*** Opening Input records ***
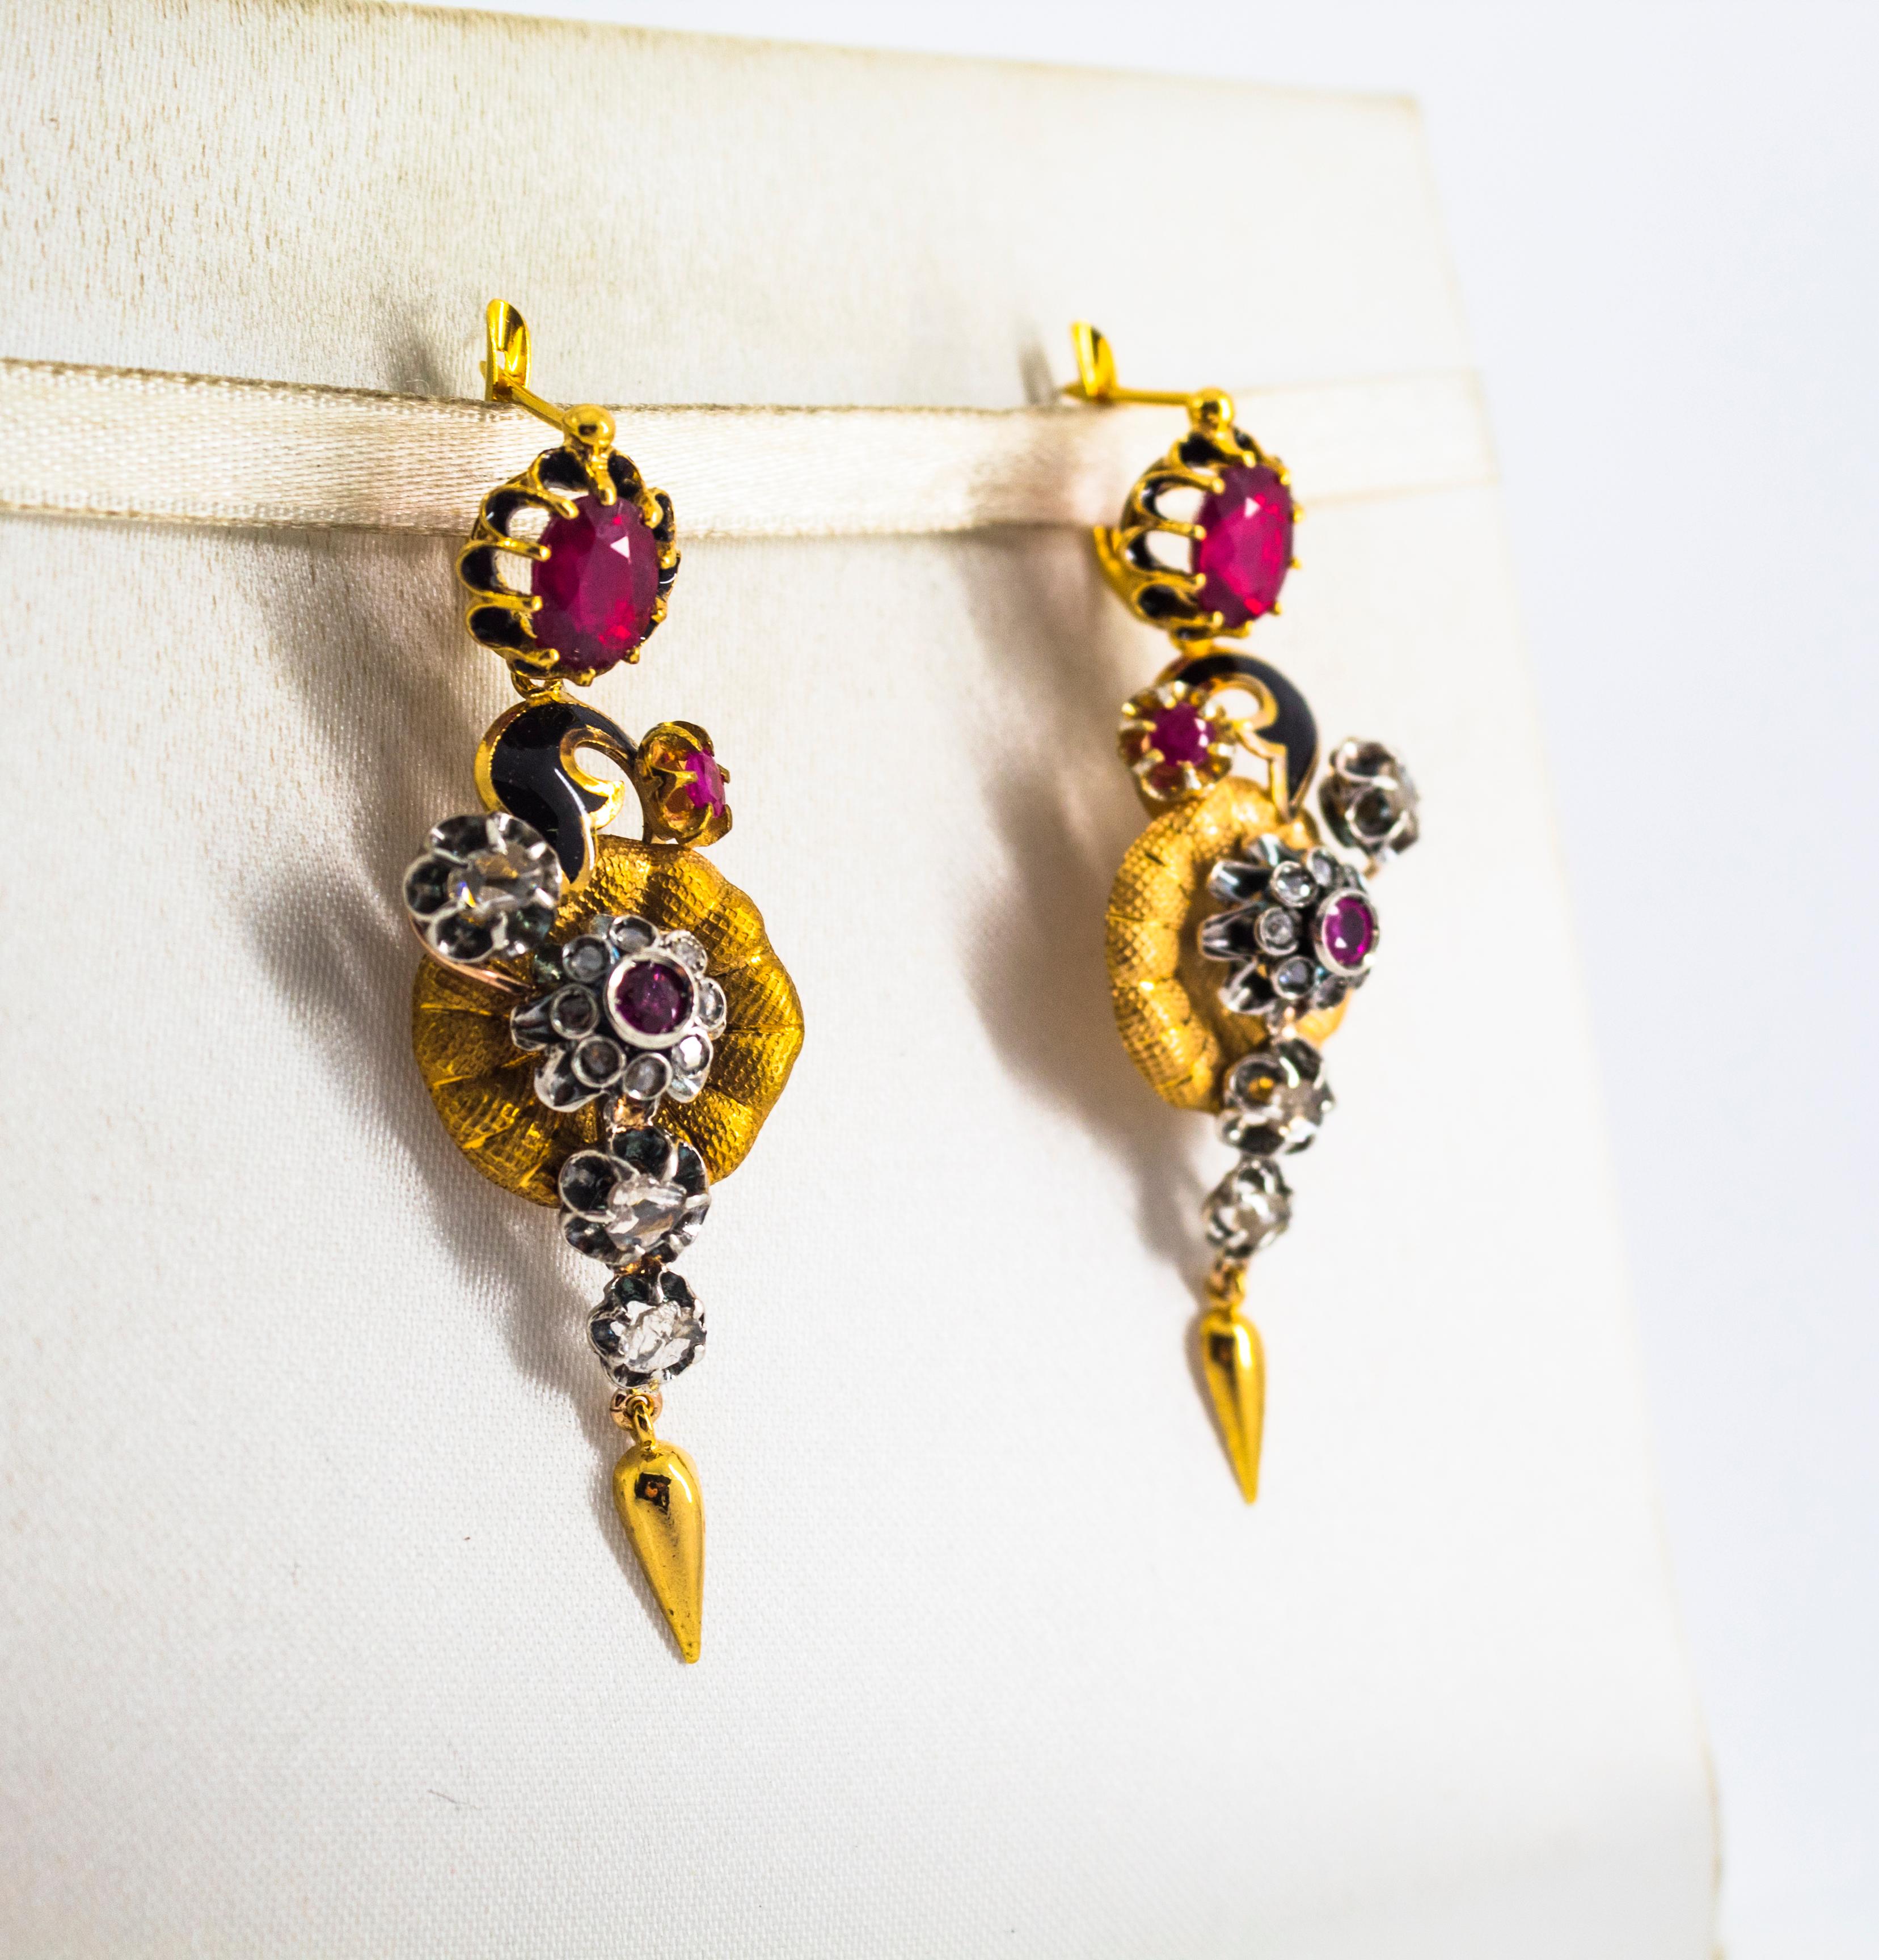 These Lever-Back Earrings are made of 9K Yellow Gold and Sterling Silver.
These Earrings have 1.10 Carats of White Rose Cut Diamonds.
These Earrings have 3.00 Carats of Rubies.
These Earrings have also Black Enamel.
All our Earrings have pins for
*** Closing Input records ***
Give every entry again word for word; no images belong in the copy.

◆ **Output**:
 These Lever-Back Earrings are made of 9K Yellow Gold and Sterling Silver.
These Earrings have 1.10 Carats of White Rose Cut Diamonds.
These Earrings have 3.00 Carats of Rubies.
These Earrings have also Black Enamel.
All our Earrings have pins for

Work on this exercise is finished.